You can join too on Instagram. I think the book will be for sale on the website … visit here.
BIG CHEERS AND THANK YOUS to Ann-Marie for her ingenuity, creativity, and being the architect for this community where we encouraged each other to bloom right where we were planted – during a most difficult year.
FIRST DAY OF SPRING
On the first day of spring, we shopped for shrubs and a few spring flowers and headed home with a full SUV! Happy days are here again! Robin Williams is quoted as having said, Spring is nature’s way of saying let’s party! I couldn’t agree more!! 🌷🥂🌷
Friends, party on! 🌱🎉🌱🎉🌱
4 thoughts on “BLOOM THYME FRIDAY: Dirty Work, Surprises and My Real Garden”
For us, sweet peas should get started in October, then overwinter to bloom the following spring. If we try to start them in spring, they bloom splendidly, but only briefly before their season finishes. They do not like the aridity of late spring here. If your winter weather is too cool for overwintering, ‘Midnight Blues’ may have survived because it is a hybrid with another species. The foliage resembles that of ‘Electric Blue’, which seems to be another species that is more closely related to perennial pea. Although less fragrant, it is more vigorous. I do not know, but it might be more tolerant of frost. ‘Midnight Blues’ might be as well.

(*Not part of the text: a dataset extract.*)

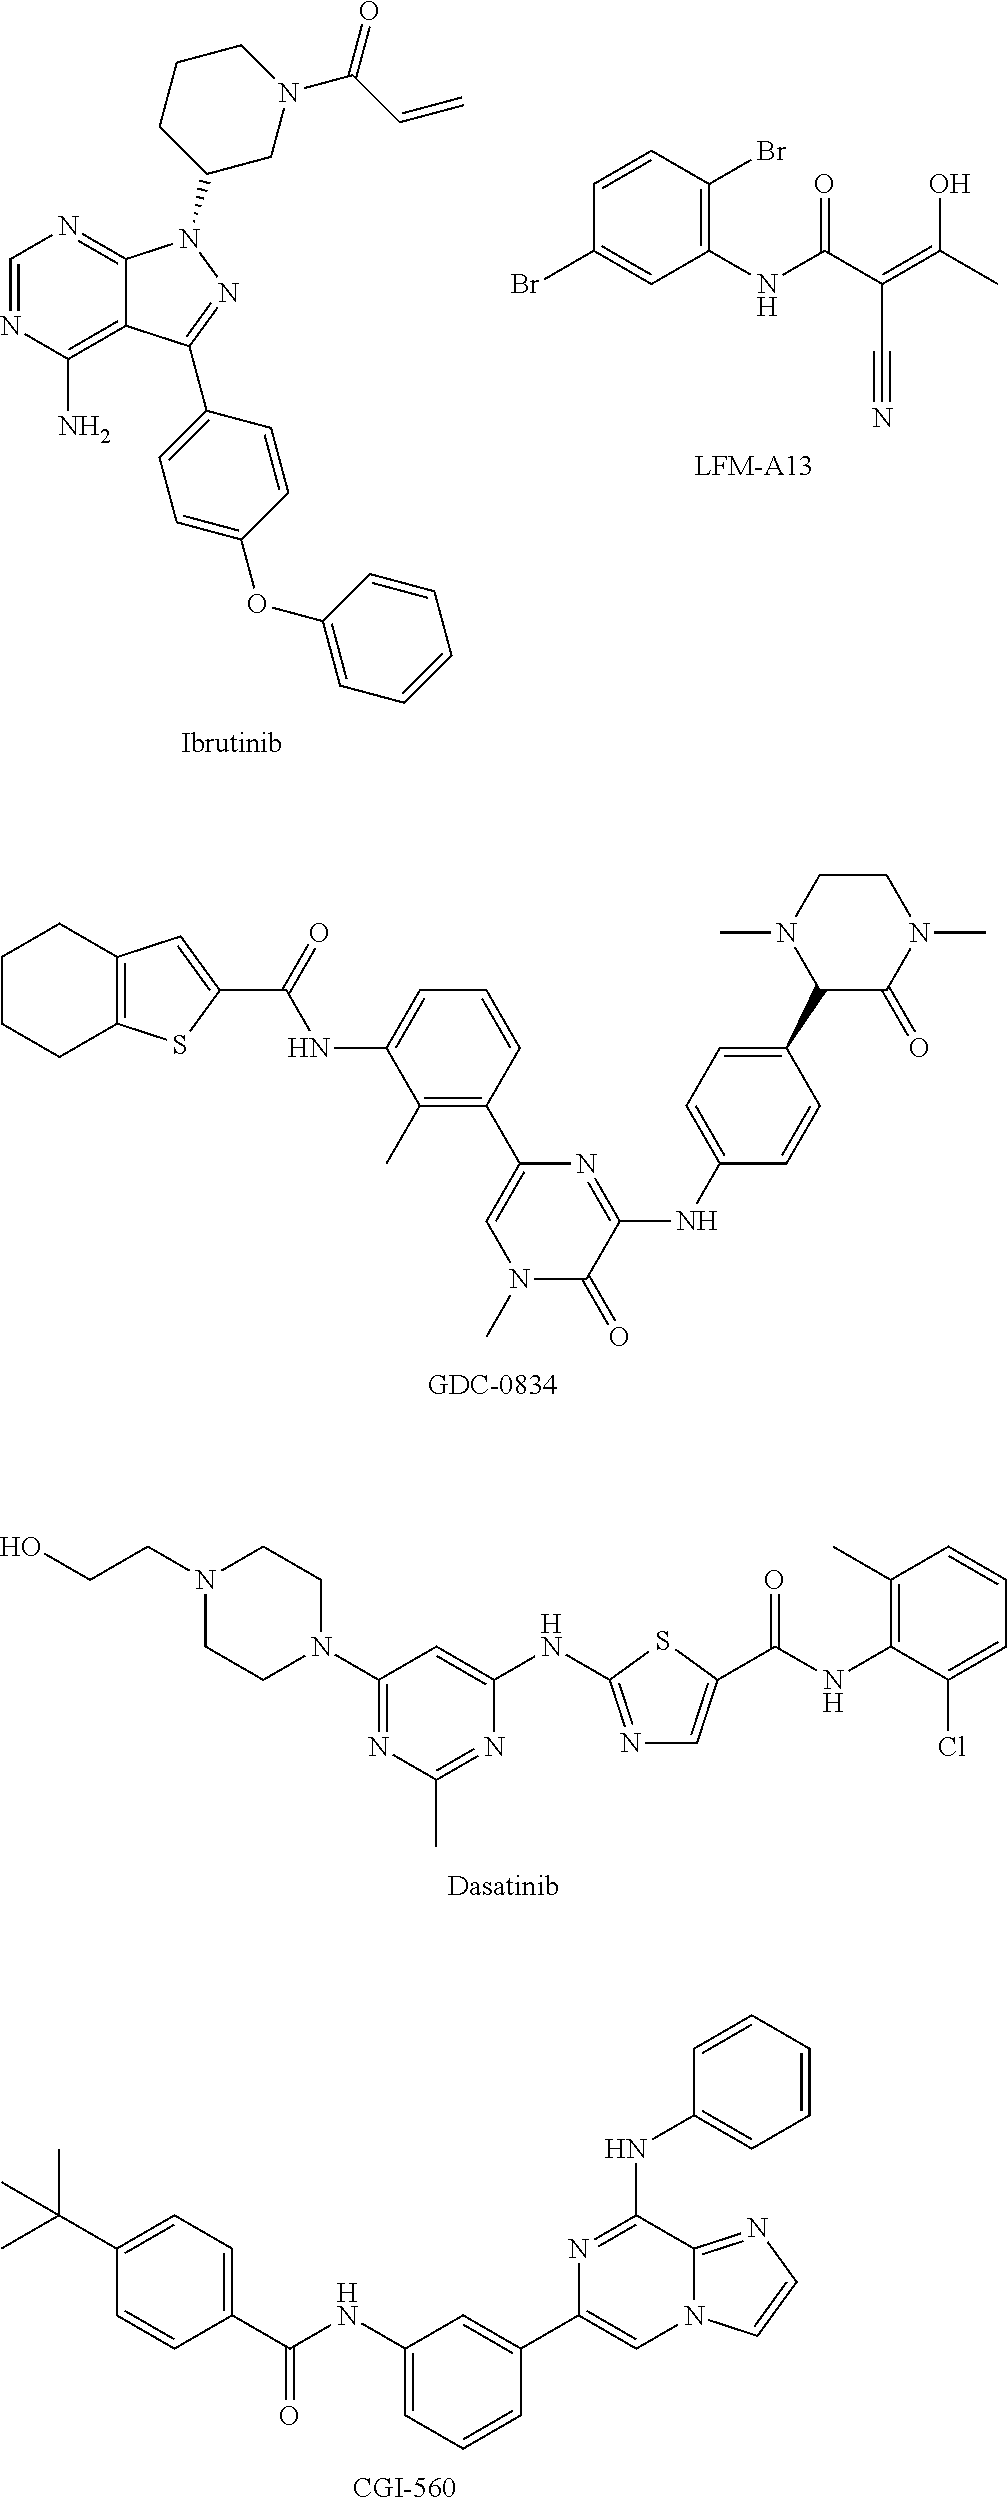 Figure US09999629-20180619-C00001

I enjoyed your blog, I am going to try to buy the book. Looking at your photo with you and your SUV filled with plats, are those shrubs Emerald Colonnade Hollies? We just planted some in our garden1
We have had sweet peas on our north border for many years. Planted by the old owner, they keep reseeding themselves. We have pink, and white ones.
I was at Lowe’s again today, Monday, 3-29-2021, and there was hardly a parking space available, and it is Monday! People were standing in line to purchase flowers, plants, shrubs, etc.. I purchased another tomato plant and a couple of cucumber plants. Most of the roses I had seen earlier were gone like the John F. Kennedy white rose. I once had one, and, after recently reading about Melania Trump’s new design for the White House Rose Garden when she was First Lady, I learned that most of the newly planted roses were white and the John F. Kennedy. You can google and see the new rose garden (diamond shapes with boxwoods, a few pink roses, but mostly all white roses). I was somewhat sorry that I didn’t buy it as there was only one left, and it is gone. But my hubby bought me two new ones from Walmart (Chicago Peace and Tiffany) when he was shopping there. He has already planted them. I have never had those two, and there was only one of each of those also.I have a lavender tulip magnolia tree in bloom with about a thousand blossoms on it, and this spring we got to enjoy its beauty and take pictures of the beautiful flowers before the rain and wind got to it. In past years, the buds come out, and the frost damages the flowers before they are fully opened. It is an old tree with a lot of branches, and it is tall. Now, my cherry tree is in bloom, and my daffodils and camellias are still blooming. It is really Paradise. As always, I enjoy reading your blog and seeing your photos. I learn a lot and get inspired by you. Thank you!